BOZOK YAZILARI
Yozgatlı Karacaoğlan, Hafız Süleyman ve “Dersini almış da ediyor ezber”
Bilim dünyası, Yozgat’ta Karacaoğlan adında bir halk şairinin yaşadığını günümüzden tam 78 yıl önce öğrendi. Konuyu ilk olarak M. Şakir Ülkütaşır Samsun’da yayımlanan Ahali gazetesinde 29 Ekim 1933 tarihinde dile getirdi. 1936 yılında aynı görüşlerini İstanbul’da yayımlanan Yeni Türk Mecmuası’nda tekrarladı. Ona göre Karacaoğlan Sorgun’un eski adı Zeyneddin olan Doğanlı köyündendir. Nitekim Yozgatlı araştırmacı Yılmaz Göksoy da 1982-1987 yılları arasında Erciyes dergisinde yayımladığı üç makalesinde Karacaoğlan’ın mezarının Doğanlı ile Gevrek köyleri arasındaki bir tepe üzerinde olduğunu başta Gani Telli Hoca olmak üzere yörede yaşayan kişilerin anlatımlarına dayanarak savundu.
Yılmaz Göksoy bu yazılarında Karacaoğlan’ın mezarının Mamure’de (Aydıncık’ta) olduğuna dair rivayetleri de aktardı. Bu rivayetlerden yararlanan Prof. Dr. İlhan Başgöz, Karacaoğlan adlı kitabında 16. Yüzyılda yaşayan ve Bektaşi tarikatine mensup olan meşhur Karacaoğlan’ın Aydıncıklı olduğunu savundu. Ona göre, Yozgatlı Karacaoğlan Yavuz Sultan Selim ve Kanuni Sultan Süleyman’ın ordusuyla seferlere çıkmış ve Mısır’dan Avrupa içlerine kadar bir çok yerde bulunmuş, buralarla ilgili şiirler söylemiştir.
Yozgat kültürü ve tarihi için son derece önemli bu iddialara konu olan mekânları görmek üzere 2008 yılında bu iki yeri ziyaret ettim.

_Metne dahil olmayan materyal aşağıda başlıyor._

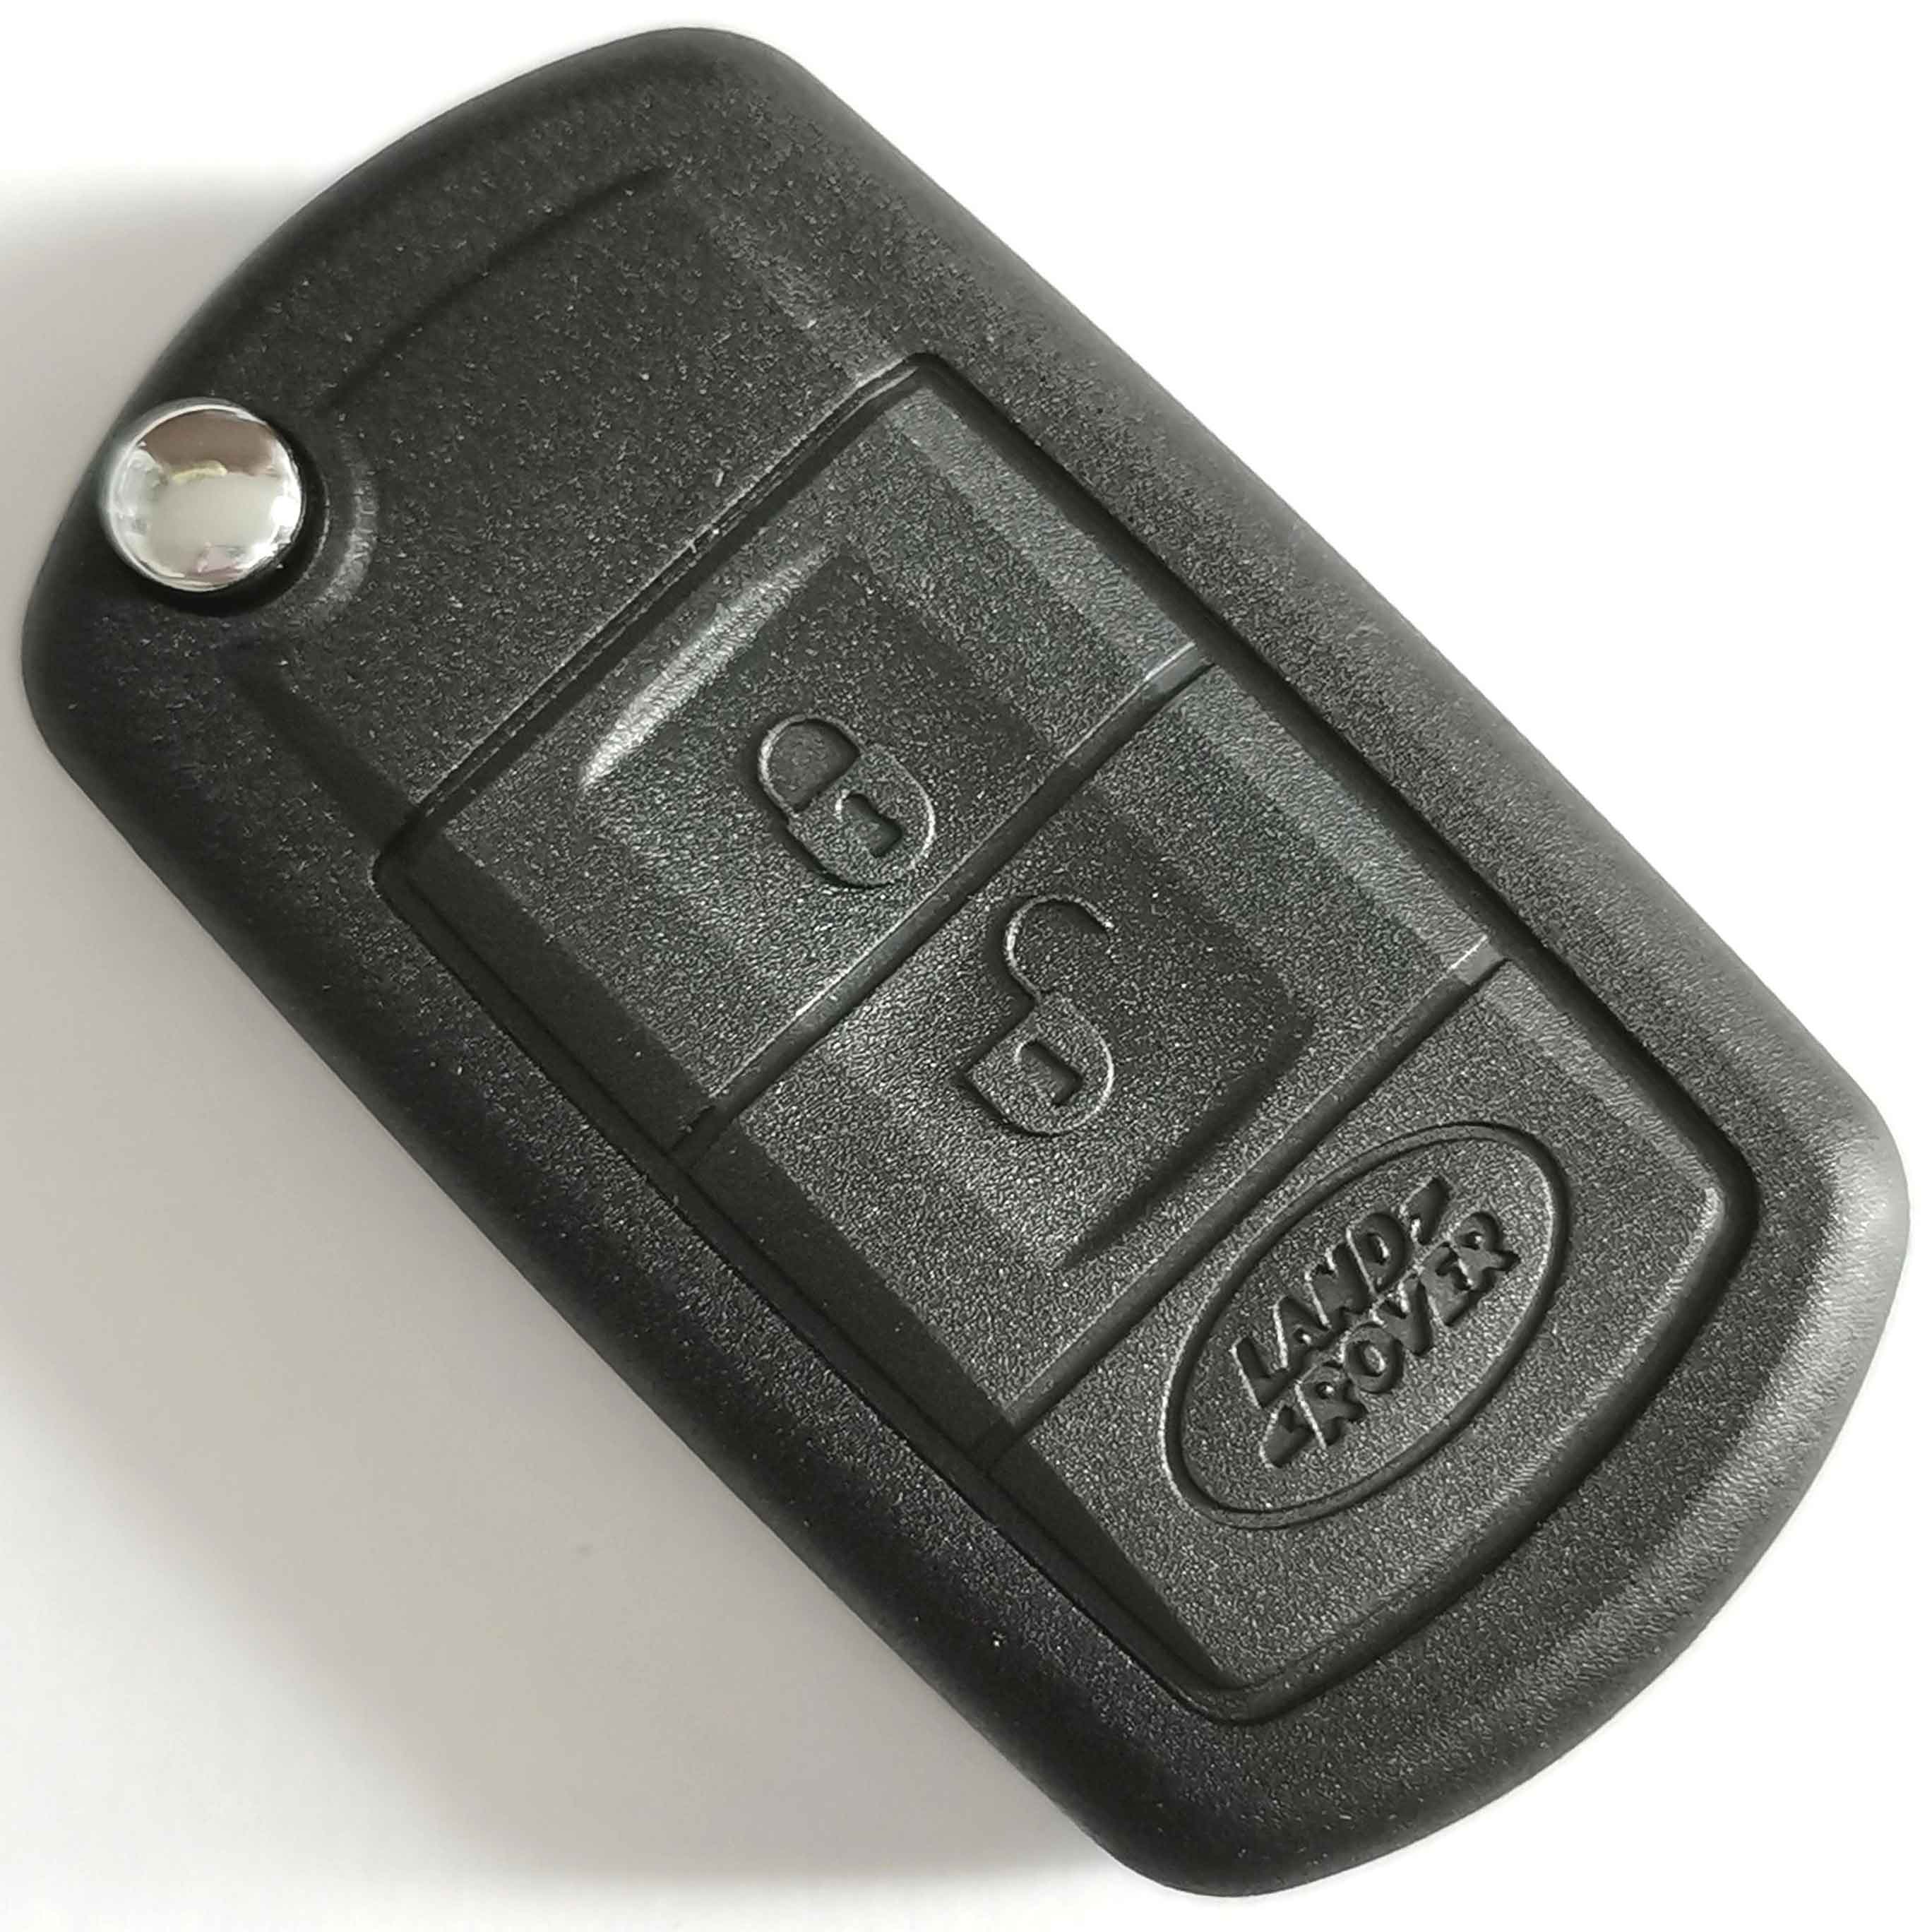  3 Buttons 315 MHz Flip Remote Key for Land Rover Sport Discovery 3 Vogue System - WJZ PCB

Aydıncık ilçe sınırları içindeki Karacaoğlan mezarı, Gezibeli Yaylası’nda Kartal Kayası mevkiinde bulunmakta ve yöre halkı arasında buraya “Karacaoğlan Tepesi” adının verildiğini söyleyenlere rastlanmaktadır. Genç ve orta kuşak ise, Karacaoğlan Tepesi’nden de Karacaoğlan mezarından da haberdar değiller. Ulaşımı oldukça meşakkatli bu tepe bende gerek bulunduğu yer gerekse diğer çevre şartları itibariyle eski bir mitoloji ve efsane mekânı izlenimi bıraktı.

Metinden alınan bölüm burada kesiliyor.